Posted by on Wednesday, June 7th, 2017

 clinical trial for Alzheimer's disease

A recent study has shown a link between the abnormal protein that causes damage to neurons in Alzheimer’s disease (AD), Parkinson’s (PD) and Huntington’s disease  (HD).  The protein is called amyloid.

 The Study

Researchers have discovered a common link between abnormal protein clumps that cause damage to brain cells in Alzheimer’s (AD), Parkinson’s (PD) and Huntington’s (HD) disease patients. The discovery could help scientists understand the mechanism by which these neurodegenerative diseases spread, and possibly lead to a therapy that targets multiple diseases, according to a new study.

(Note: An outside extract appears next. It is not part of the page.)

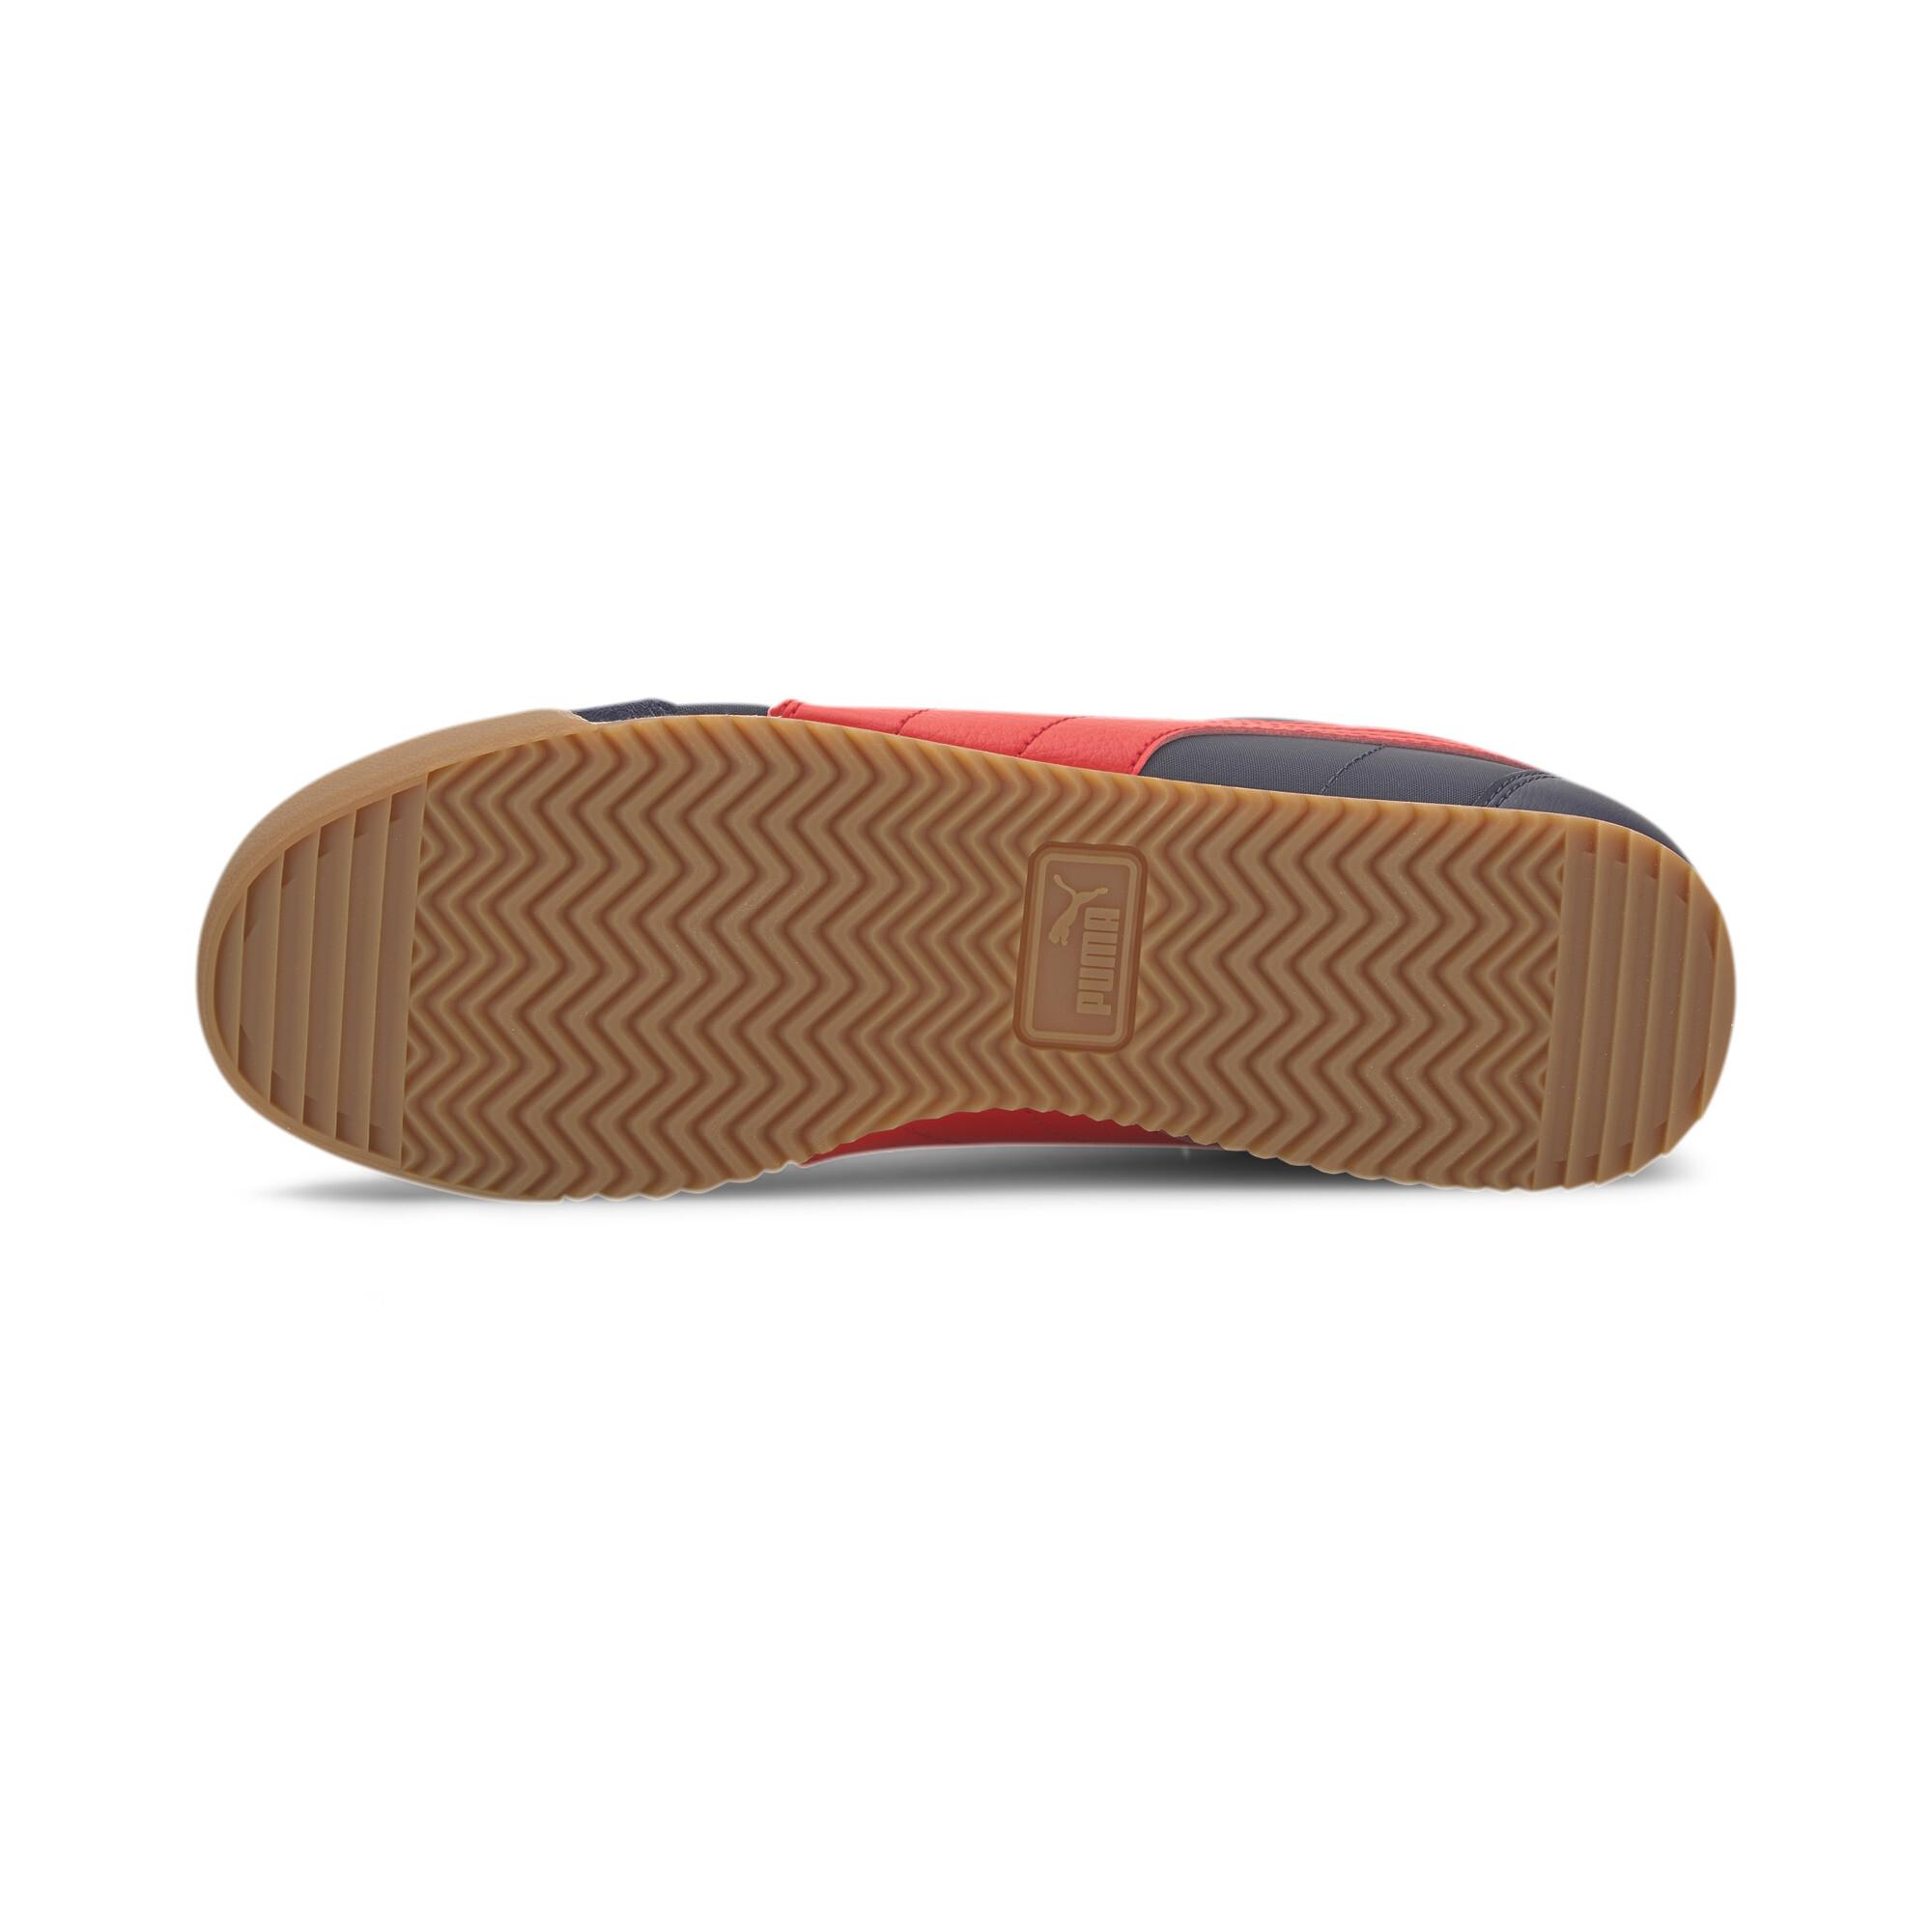 PUMA-Men-039-s-Turino-NL-Sneakers thumbnail 13

The study, published in the journal Acta Neuropathologica, (focusing on pathology and pathogenesis of neurological disease), compared the etiology of all 3 diseases caused by the death of neurons (brain cells).”  Each progressive and incurable disease, AD, PD and HD  involves different areas of the brain.  AD adversely affects memory and learning, while Parkinson’s and Huntington’s interfere with normal movement. 

The commonality in all 3 disorders was amyloid protein clumps, which ultimately cause the death of cells.  As each disease progresses, various protein aggregates are formed.  In AD these protein aggregates are tau,  in HD and PD, they are alpha-synuclein.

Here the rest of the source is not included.